When Improvement Isn't Enough
- barissilahcioglu
- Jan 24
- 2 min read
Most underperforming companies start in the same place:
We just need to execute better.
Cost programs are launched. KPIs are tightened. Consultants arrive with operating models and slide decks. And for a while, things look controlled.
Then the results stall. At some point, performance improvement stops being a solution and becomes a delay.

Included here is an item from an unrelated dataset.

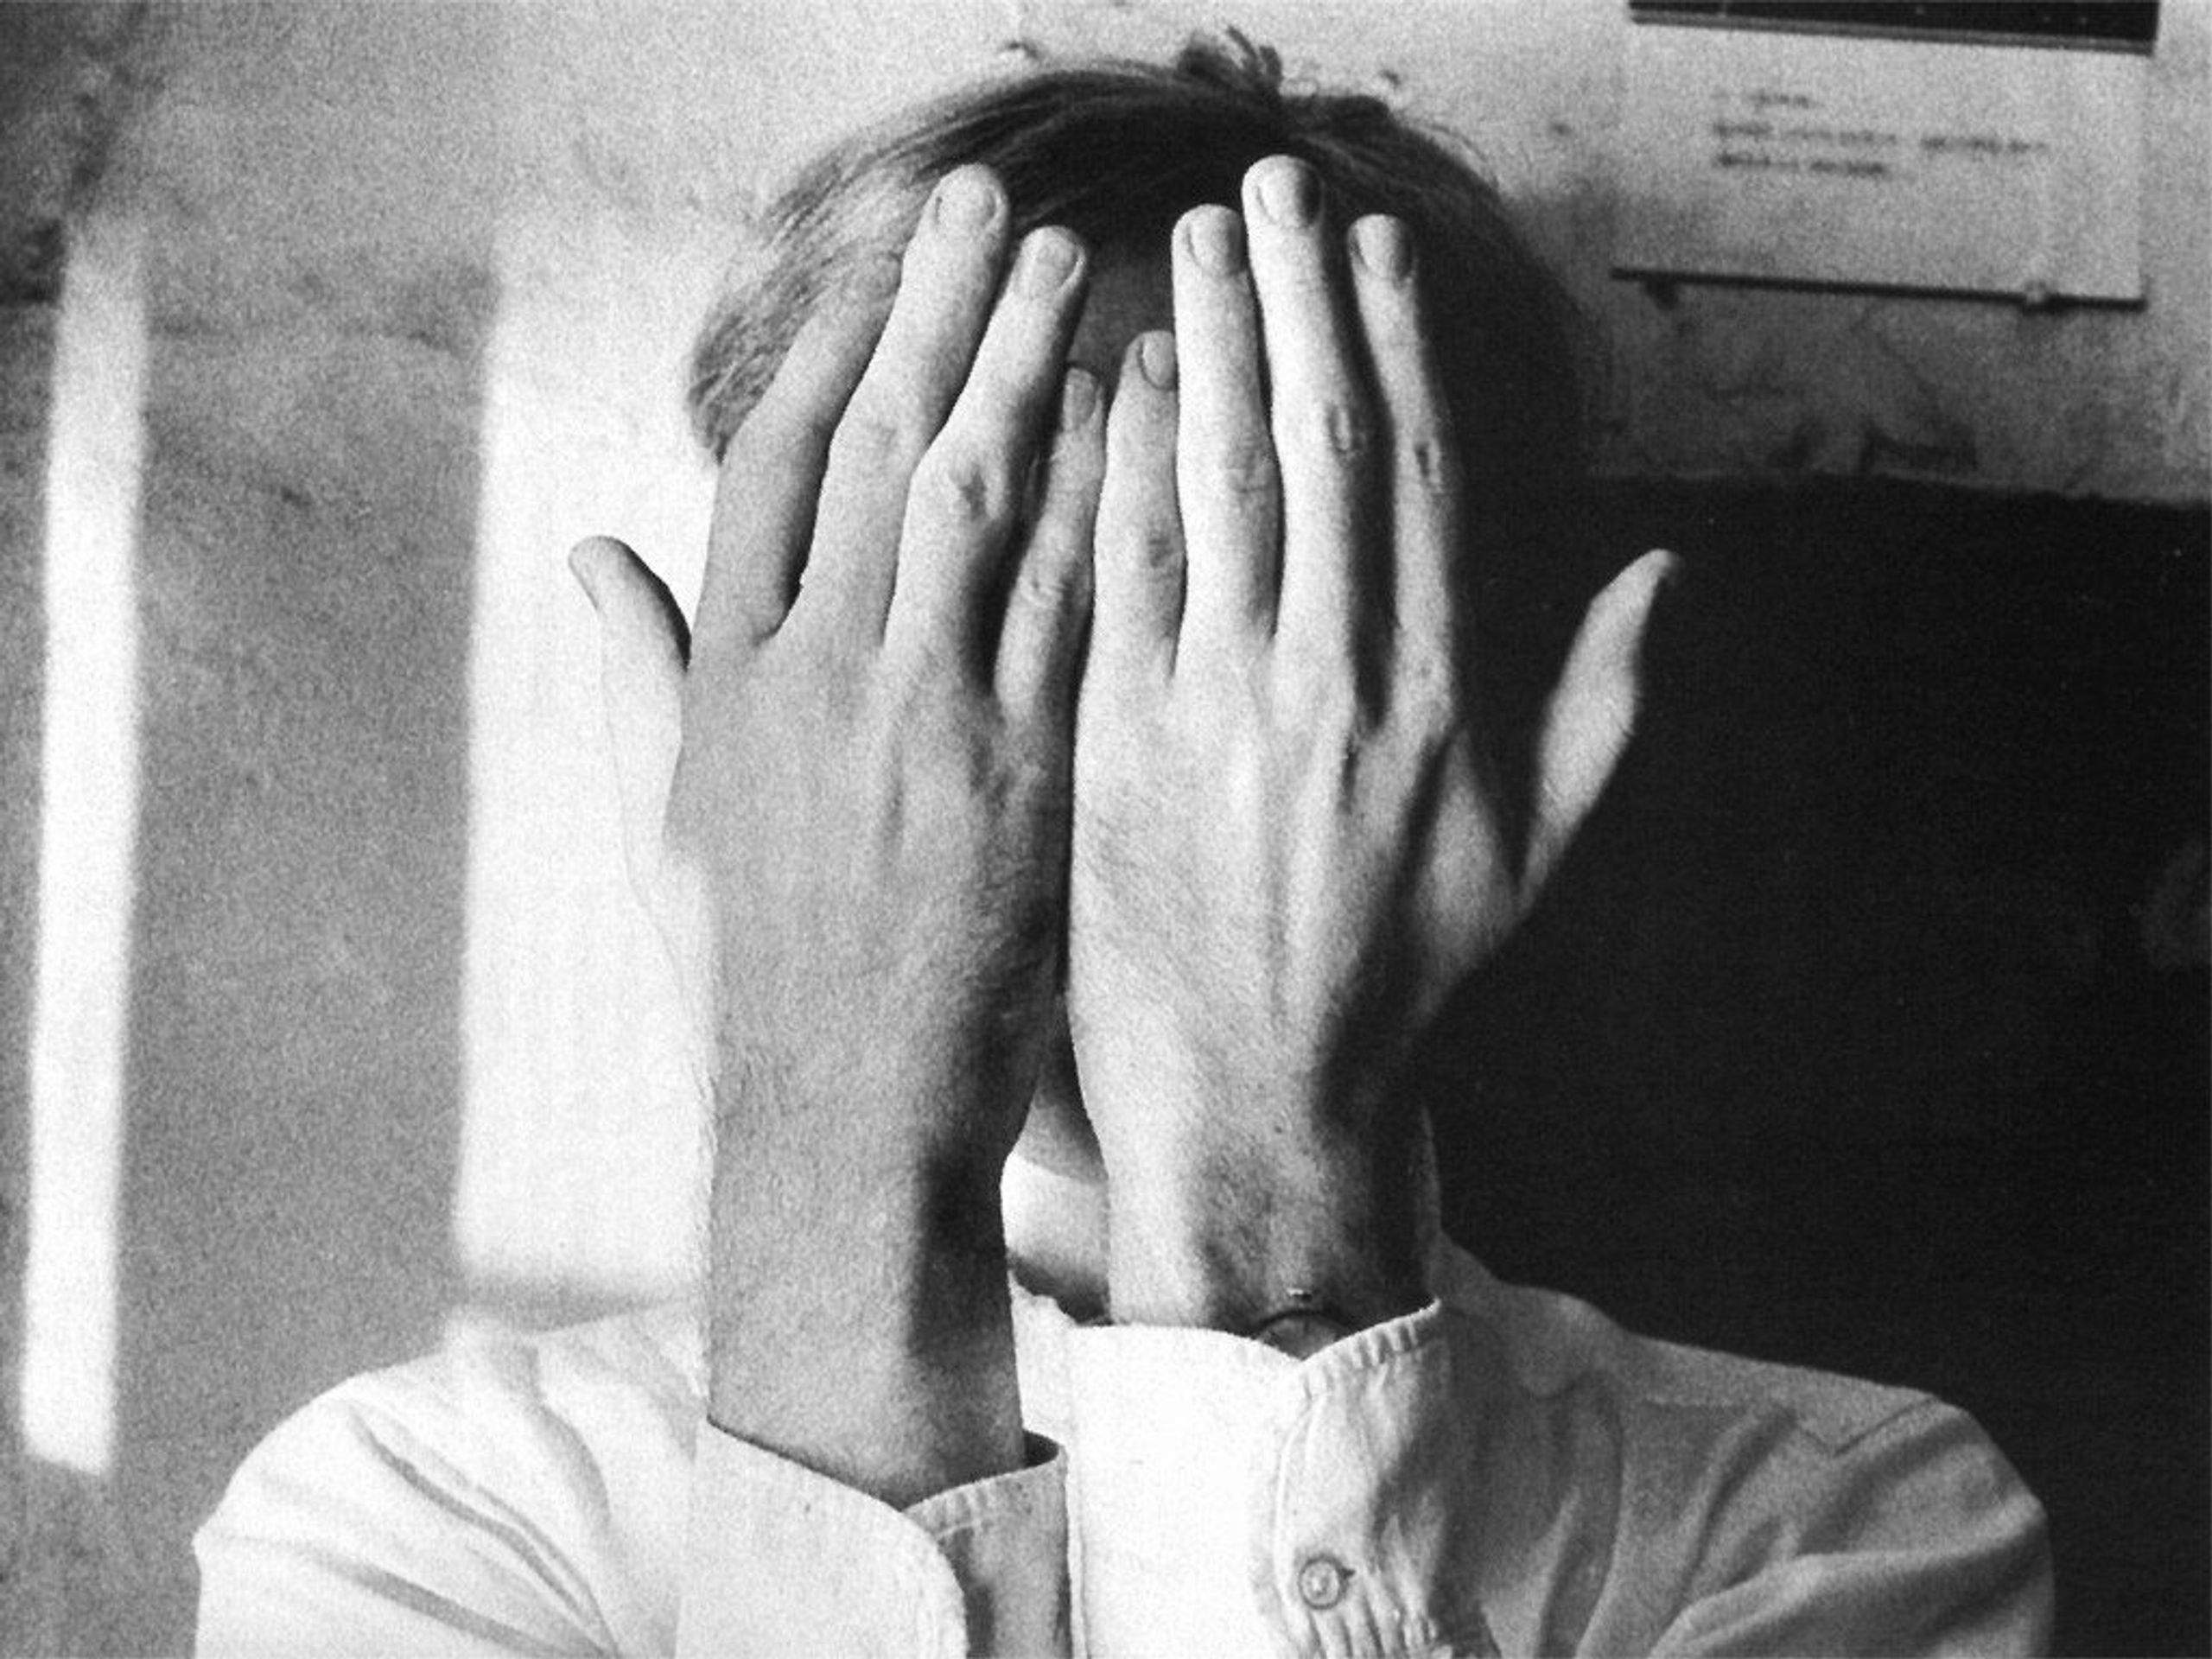 Person with hands over his face, photo by Duane Michals.

Here are five signals that tell you it’s time to stop optimizing and start restructuring.
1. The Math Doesn’t Work
If your cost base was built for CHF 100m of revenue and the business now generates CHF 60m, no efficiency initiative will close that gap. You can cut travel. Freeze hiring. Renegotiate suppliers. It won’t matter. This is not an execution problem. It’s a structural one. The only answer is structural cost reduction, headcount, footprint, complexity.
2. The Market Has Moved
When the core product is disrupted, customer preferences have shifted, or the market itself is shrinking, execution excellence becomes irrelevant. You can run the business perfectly and still fail. Performance improvement assumes the model is sound. Restructuring accepts that it may not be.
3. Subscale Everywhere
Multiple products. Multiple regions. Multiple business units. None with critical mass.
Overhead duplicated across the organization. Complexity without returns.
At this point, “focus” workshops are cosmetic. The real choices are harder: exit, consolidate, or divest. Restructuring is about deciding what not to be.
4. Unit Economics Are Broken
Weak revenue per head. Structurally thin margins. An LTV/CAC ratio that never worked and never will. If the unit economics are upside down, scale makes things worse, not better.
This isn’t about improving performance inside the model. It's about redesigning the model itself.
5. The Clock Is Ticking
When runway is measured in months, covenants are under pressure, and liquidity is tightening, gradual improvement becomes a luxury. There is no time for pilots. No time for phased programs. Speed matters more than elegance. Restructuring is not optional, it’s urgent.
The Real Shift
Performance improvement asks: How do we run this business better?
Restructuring asks: What business should we actually be running?
The mistake leaders make is waiting too long to switch the question.
By the time performance initiatives fail visibly, value has already been destroyed.
The companies that preserve value are the ones that move early, before optimization turns into denial.